§ Task item
Please output the listing below character for character and omit the images.

§ Provided material
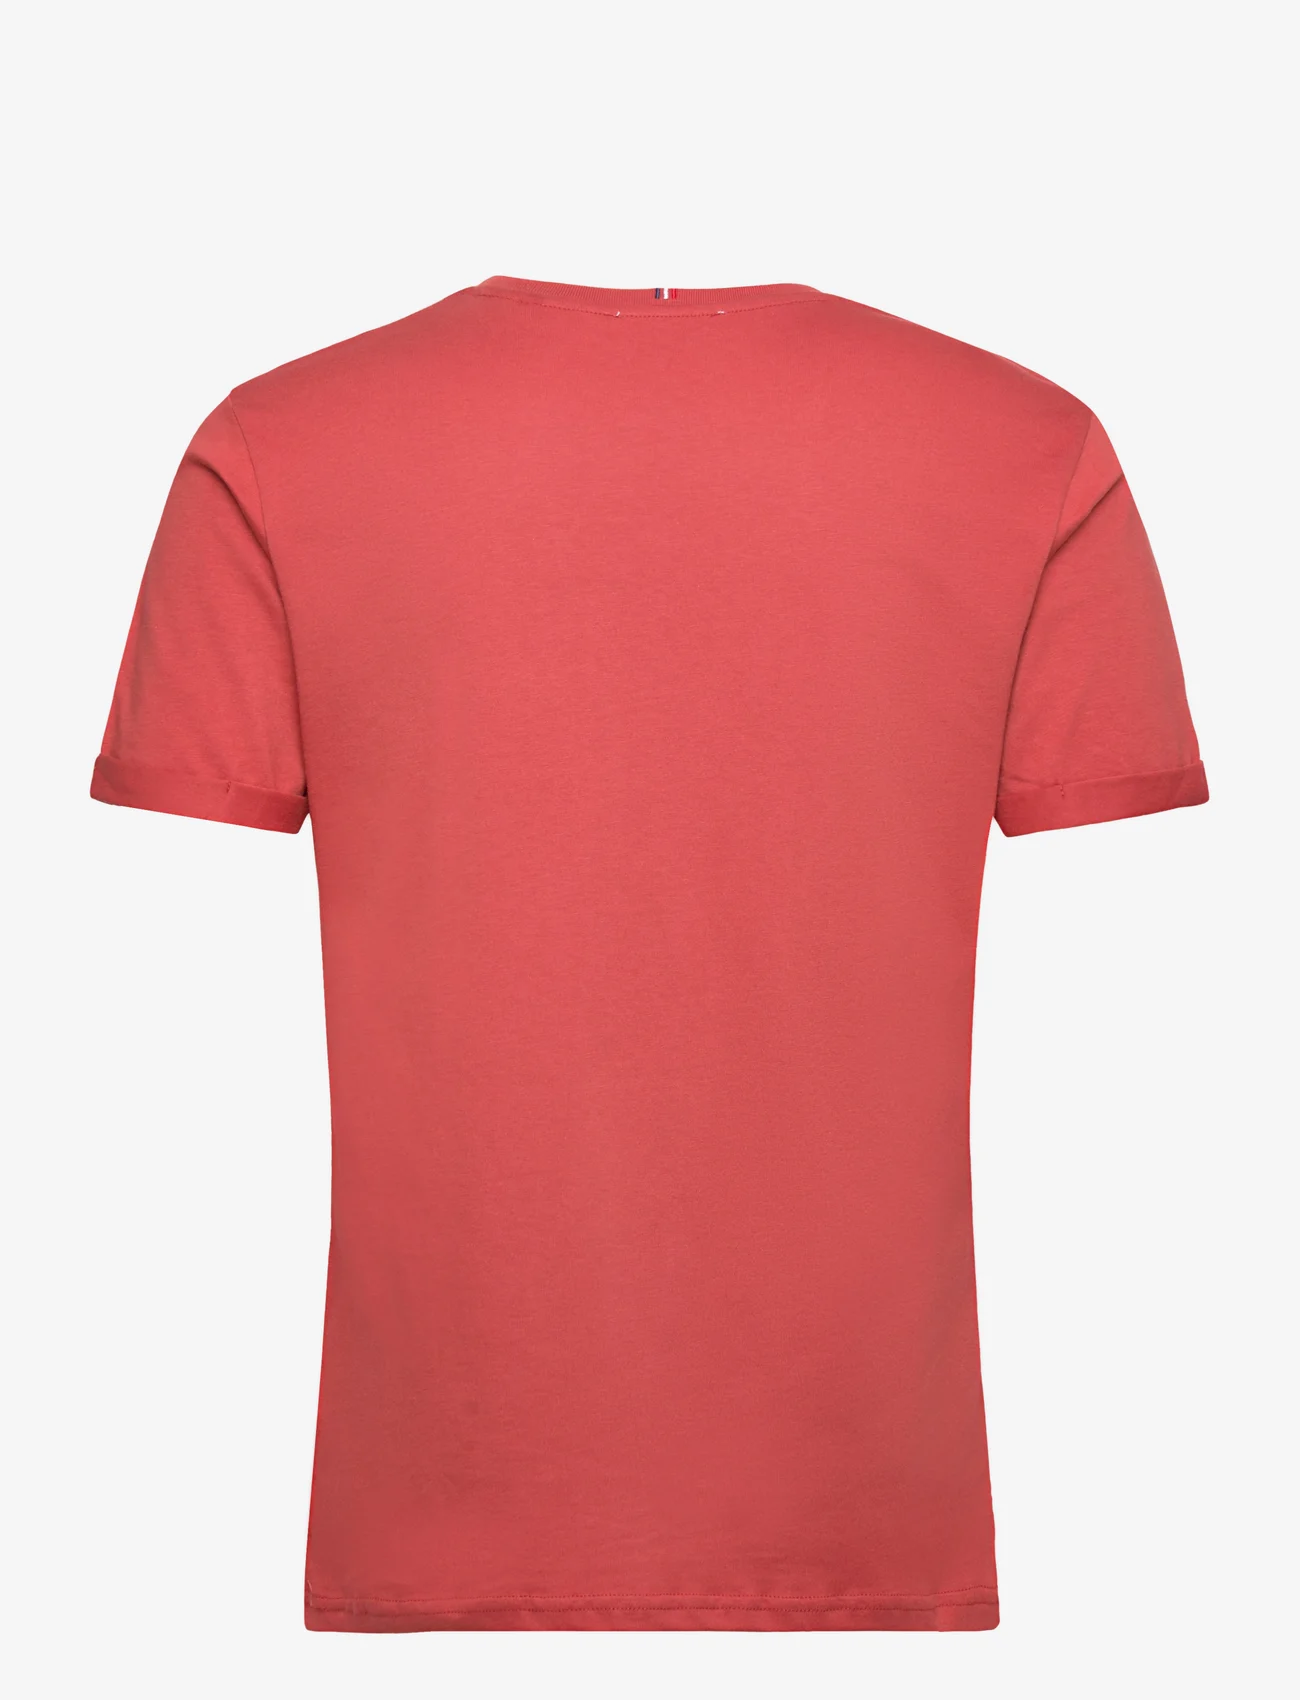 Les Deux - Nørregaard T-Shirt - Seasonal - najniższe ceny - rust red/orange - 1
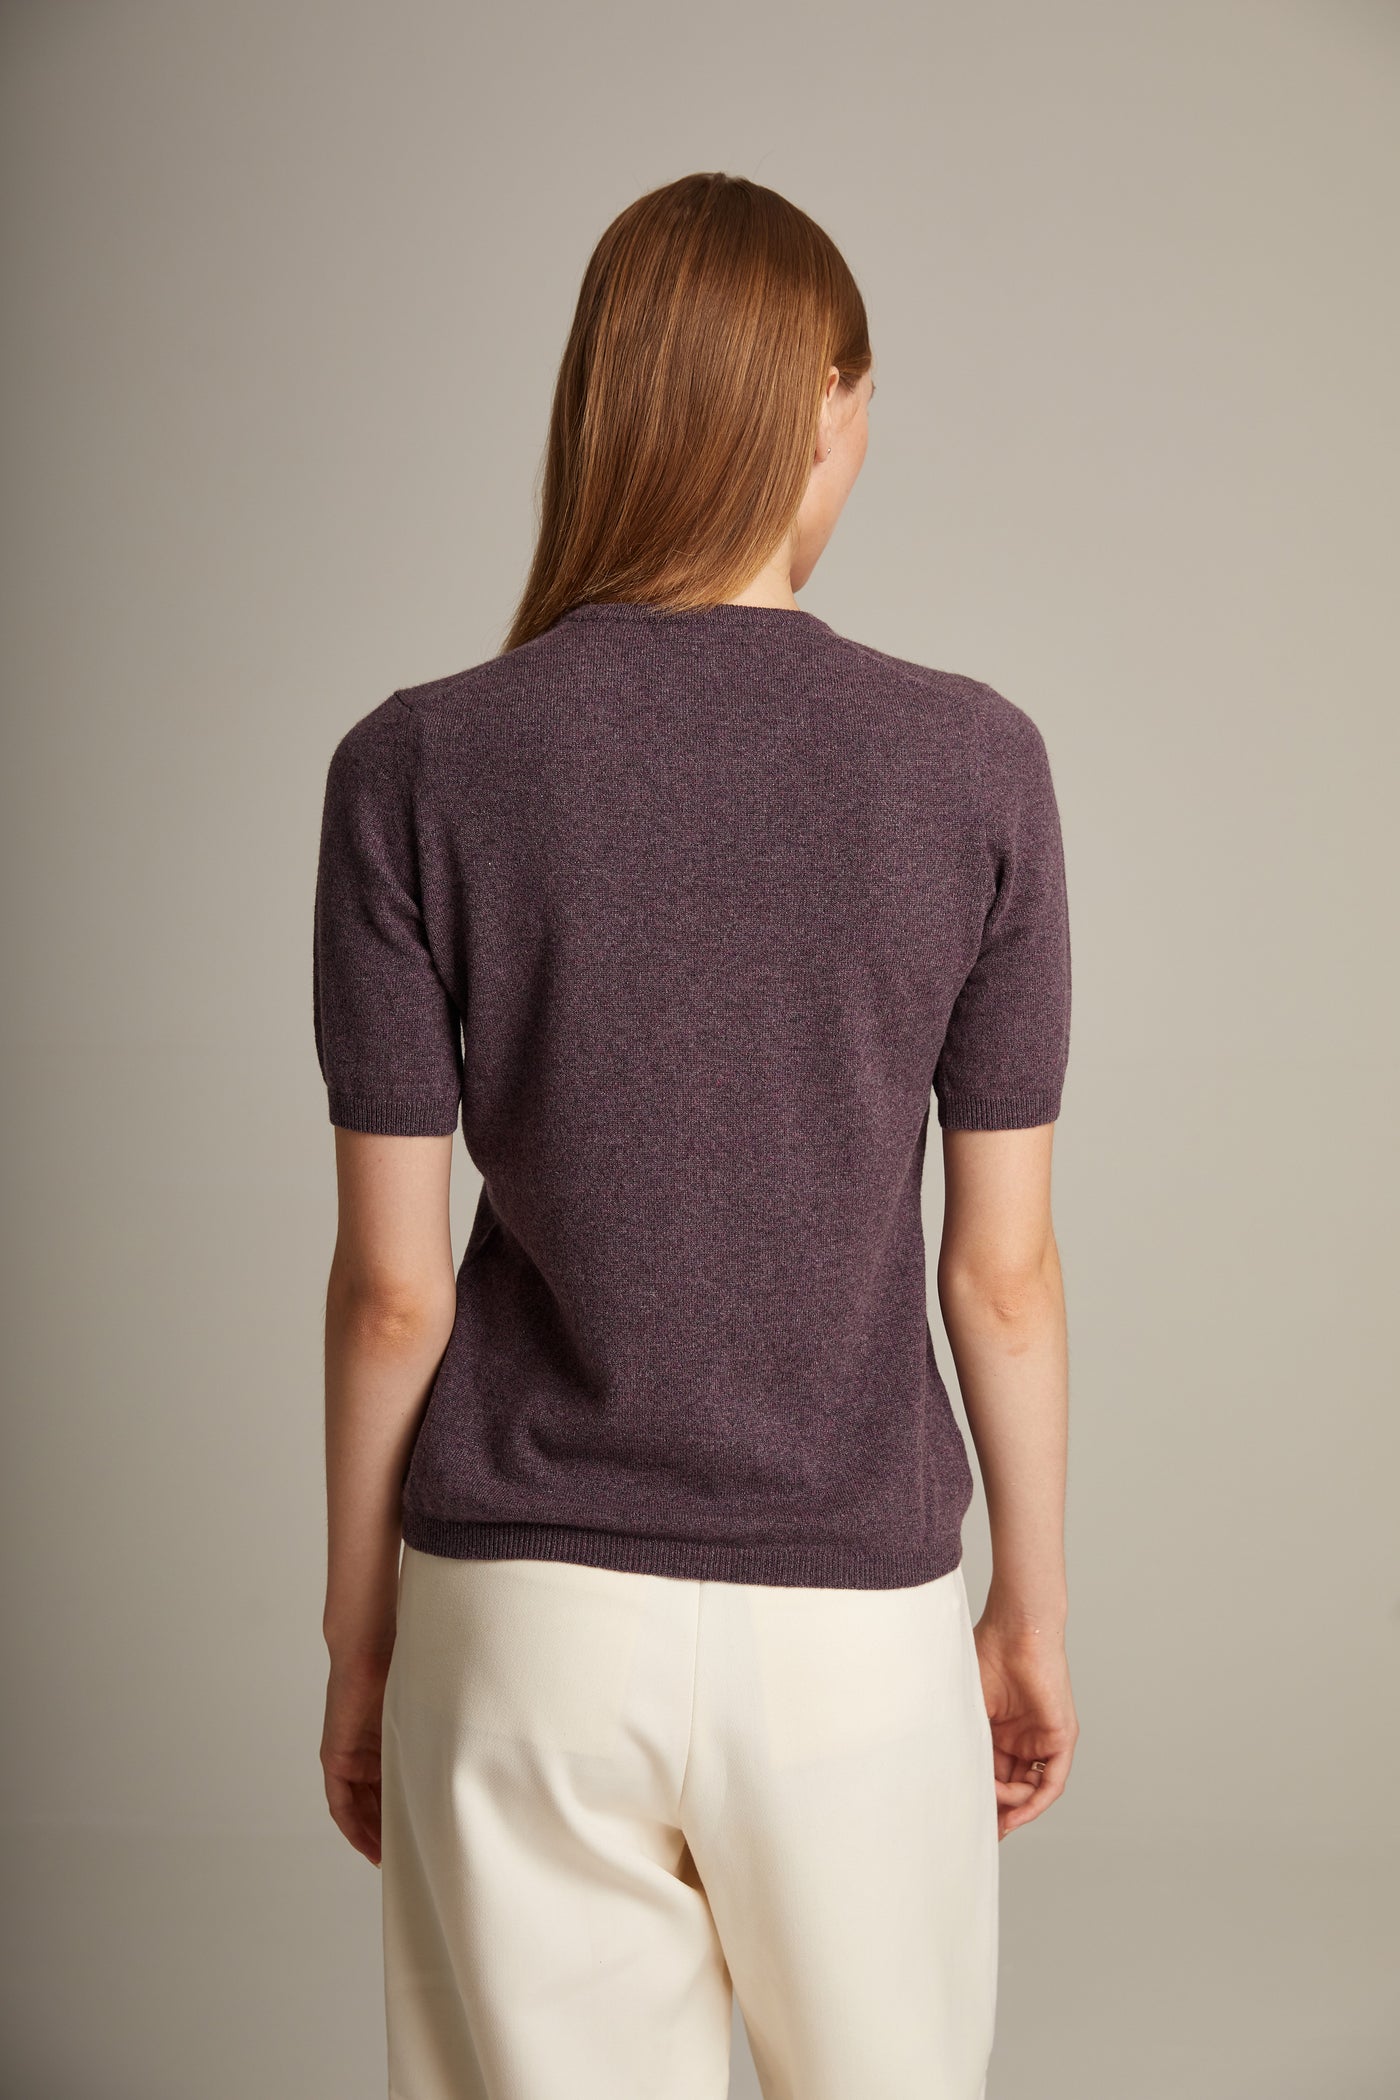 Cashmere Round Neck Short Sleeve Sweater
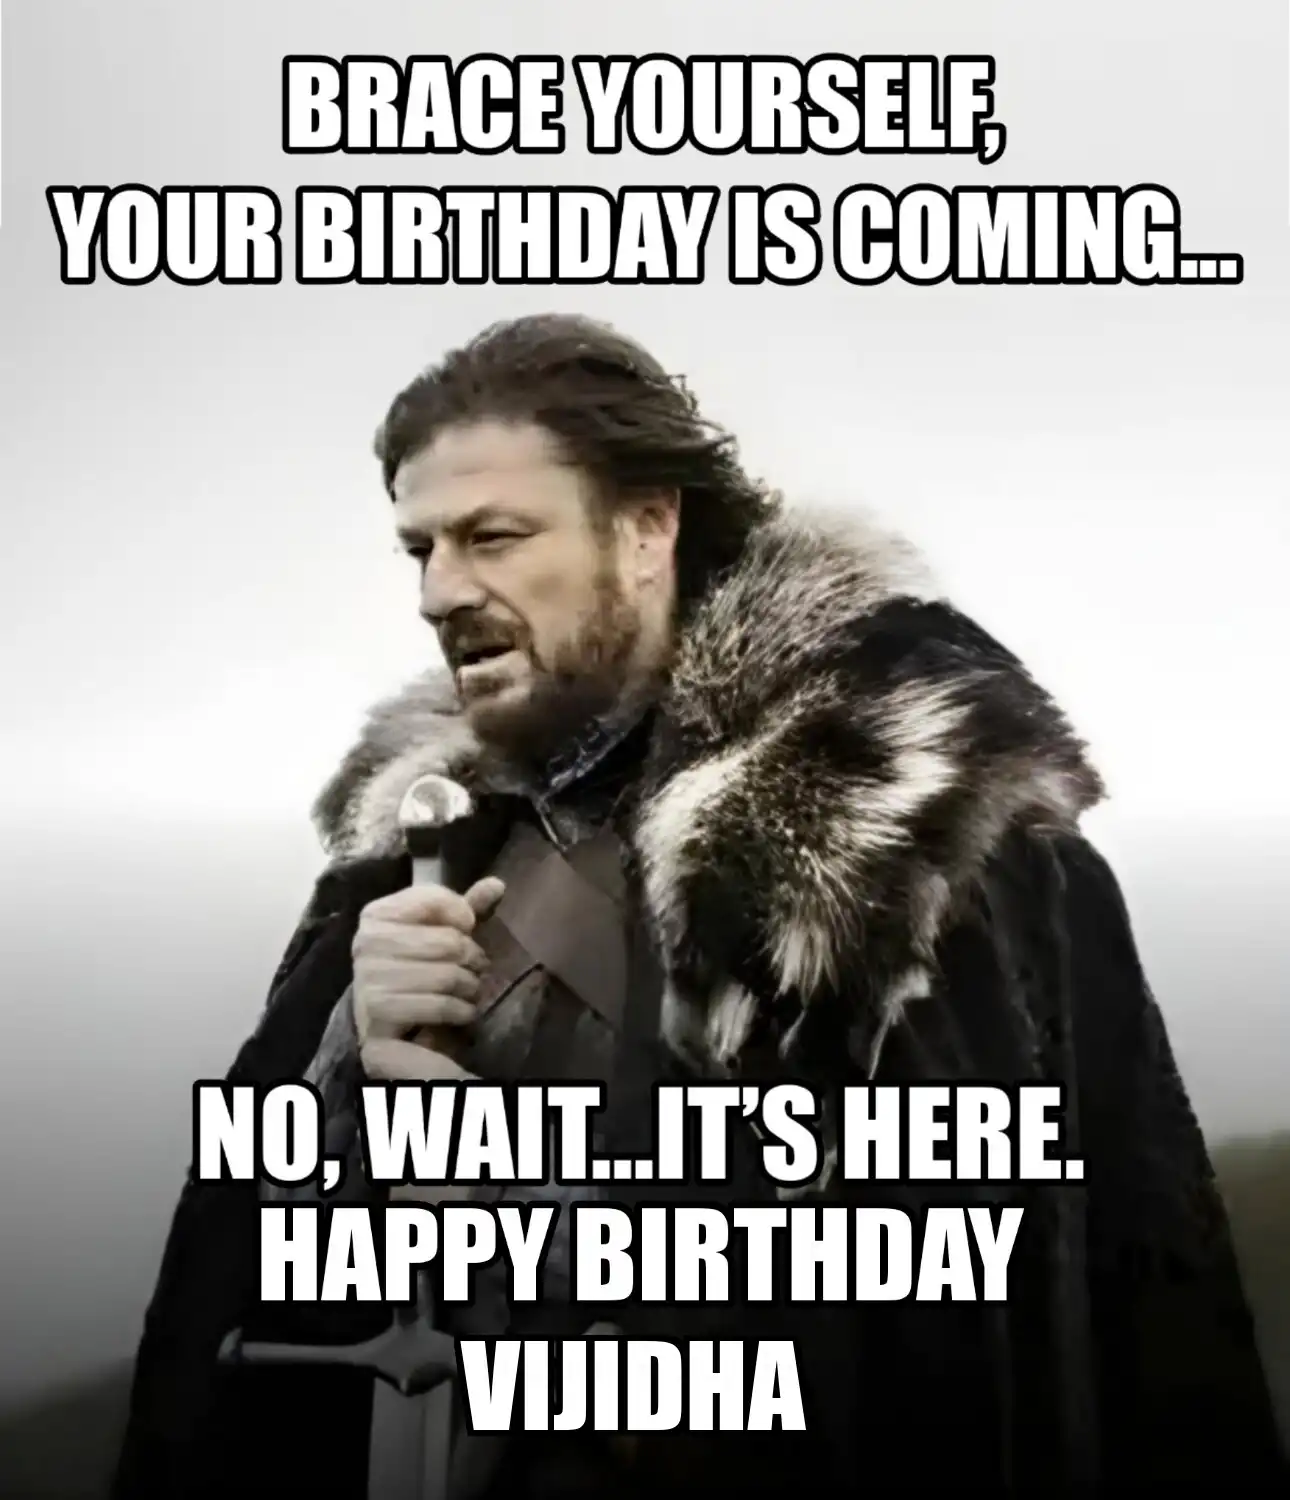 Happy Birthday Vijidha Brace Yourself Your Birthday Is Coming Meme

§ Your solution
 Les Deux - Nørregaard T-Shirt - Seasonal - najniższe ceny - rust red/orange - 1
 Cashmere Round Neck Short Sleeve Sweater
 Happy Birthday Vijidha Brace Yourself Your Birthday Is Coming Meme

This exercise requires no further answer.